How to Get a $20,000 Personal Loan
If you need to borrow a sizable amount of money – such as $20,000 or more – a personal loan may be your best option. Personal loans allow you to borrow money for just about any purpose, and perhaps borrow more than you could with a credit card. Plus, the interest rates are fixed, and often much lower than credit cards, payday loans and other expensive forms of financing – especially if you have good credit.
So if you’re in need of a $20,000 personal loan, try following these steps to get approved for the full amount.
1. Check Your Credit Score.
Your first step when attempting to get a personal loan should be to check your credit score.
Lenders take into account your credit history and credit score to decide whether you are a good candidate for a loan.
Credit score requirements vary by lender, but generally, you need a score of at least 640 to get approved. However, when applying for a larger amount of $20,000 and up, you may need a higher score. A score of around 670 or more will increase your chances of being approved for a larger loan amount at the lowest rates available.
If your credit score is not high enough, consider taking some time to improve it before applying for the loan. Many banks and credit card issuers allow customers to see their FICO scores for free, either on their statements or via their online banking portal.
2. Evaluate Your Borrowing Needs.
It’s also important to consider whether $20,000 is the right amount to borrow for your financing needs. Borrowing too much means making higher payments and spending more on interest than necessary. On the other hand, borrowing too little could leave you looking for additional financing.
Once you confirm the amount you need, be sure that the potential payments will fit your budget, says Todd Nelson, senior vice president of strategic partnerships at LightStream. For example, a $20,000 loan with a 10% annual percentage rate, or APR, and five-year repayment term would cost you about $425 a month. You would also pay $5,497 in interest over the life of the loan.
If you altered the terms of the loan to 12% APR and a three-year repayment term, your monthly payments would jump to about $664, but you’d pay a total of $3,914 in interest.
As you can see, it’s important to play around with the numbers and decide what loan terms work best for your financial situation and goals.
“If the lender you’re researching has a loan calculator, be sure to check out the variables that impact your costs,” Nelson says. “For example, choosing a shorter repayment term can often save money in the long run.”
3. Shop Around For the Best Deal.
After you get an idea of what type loan you’re looking for, you can begin comparing quotes from banks, credit unions and online lenders.
“Prior to applying for any loan, an individual should compare various lenders’ available interest rates, terms and fees, if applicable,” says Brian Samelko, vice president of personal lending at PNC Bank.
Each lender will offer different interest rates and terms, so it’s important to get several quotes before making a decision. Most financial institutions allow you to get a quote online without impacting your credit score. You submit a few personal details, and the lender performs a soft credit check to give you an idea of what terms you’d qualify for. Keep in mind that the interest rate, loan amount, repayment period and other terms could change once you submit an official application and the lender performs a hard pull on your credit and goes through the underwriting process.
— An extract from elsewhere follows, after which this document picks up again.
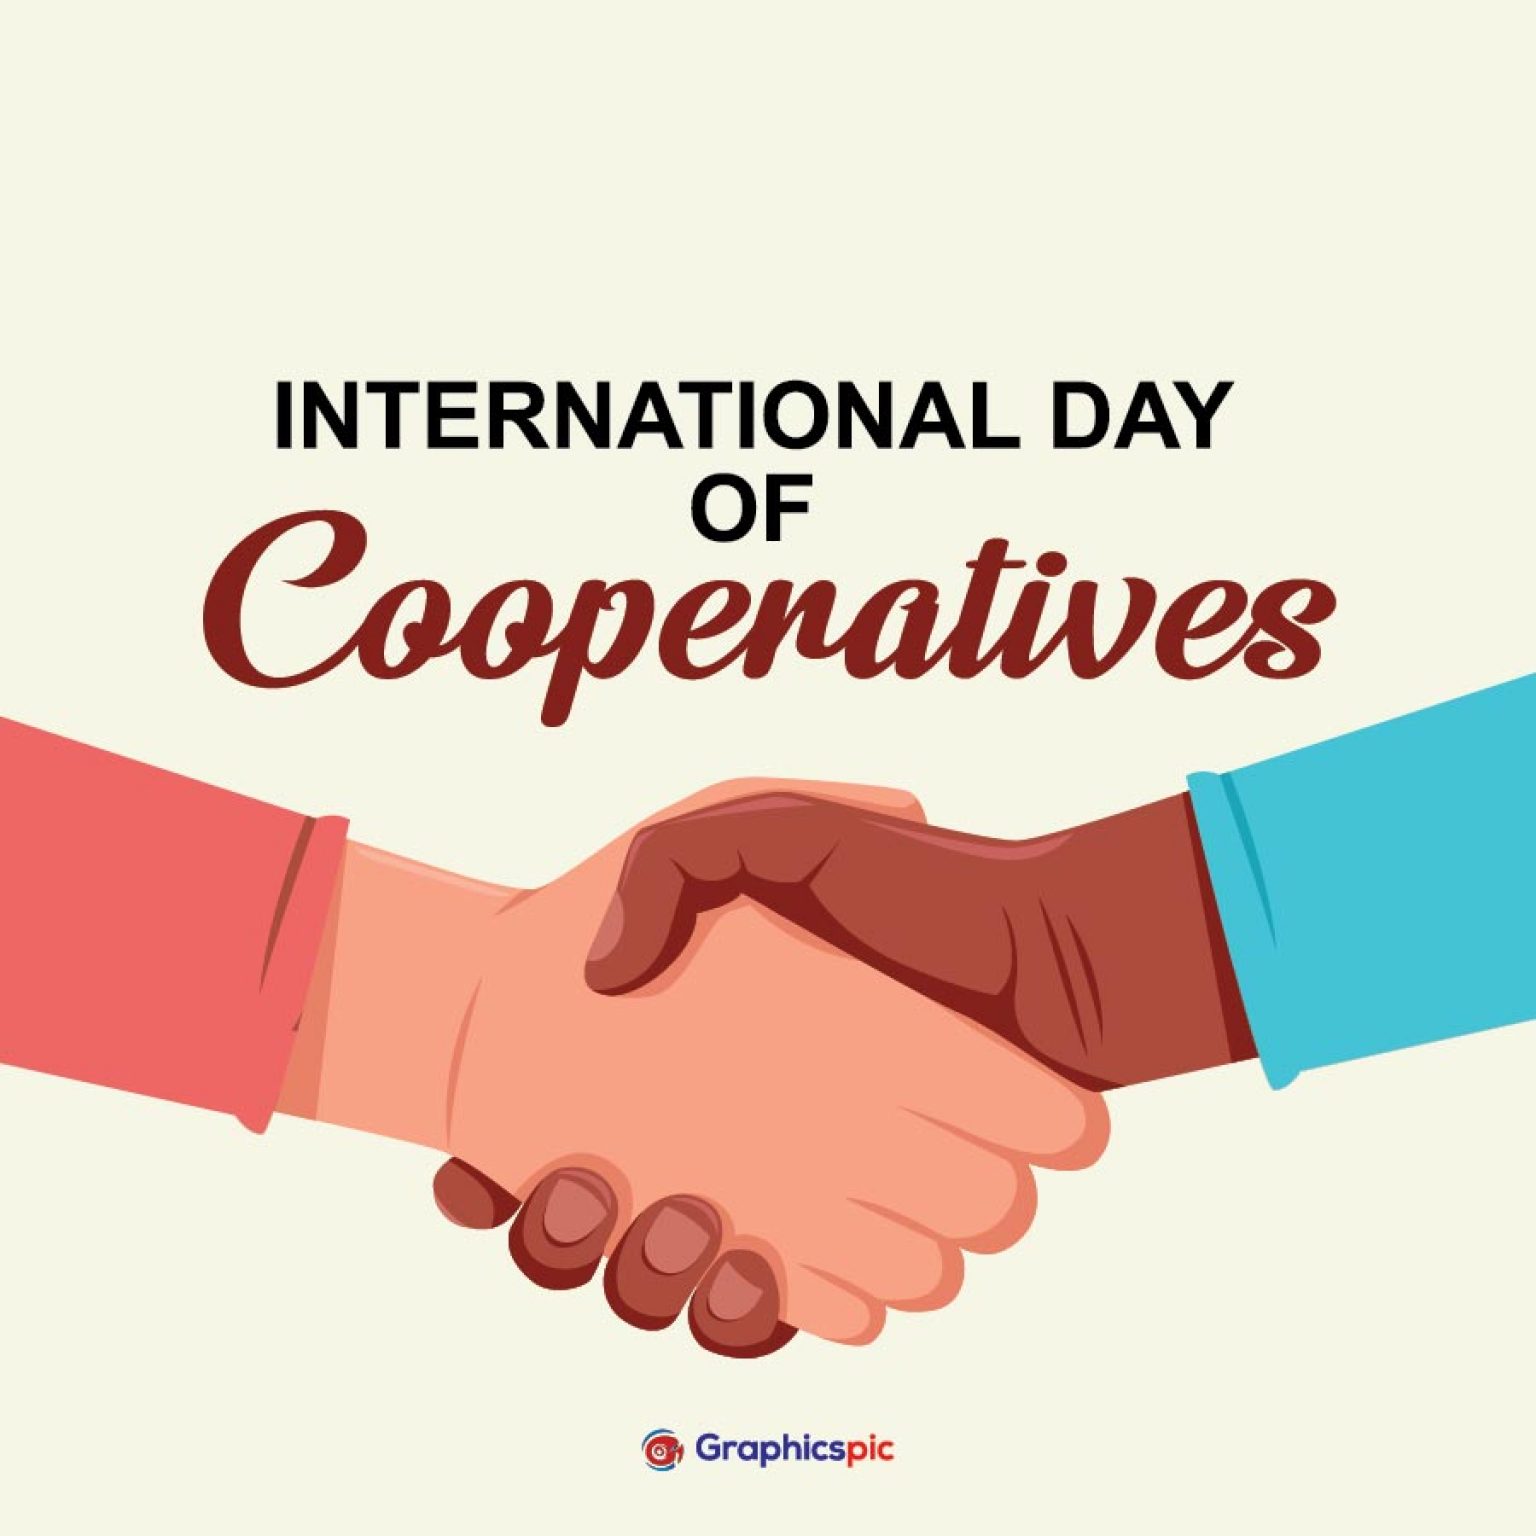 International Day of Cooperatives vector. Cooperation of people

Also, make sure the lenders you’re considering allow you to pay down your balance early with no penalty, Nelson says. “This is particularly important in today’s economy,” he explains. “If you don’t use the entire $20,000 you’ve borrowed – or find that other funds have become available through sources like student loan forgiveness, a work bonus or tax refund – you can apply those additional dollars to pay down your loan at no additional cost.”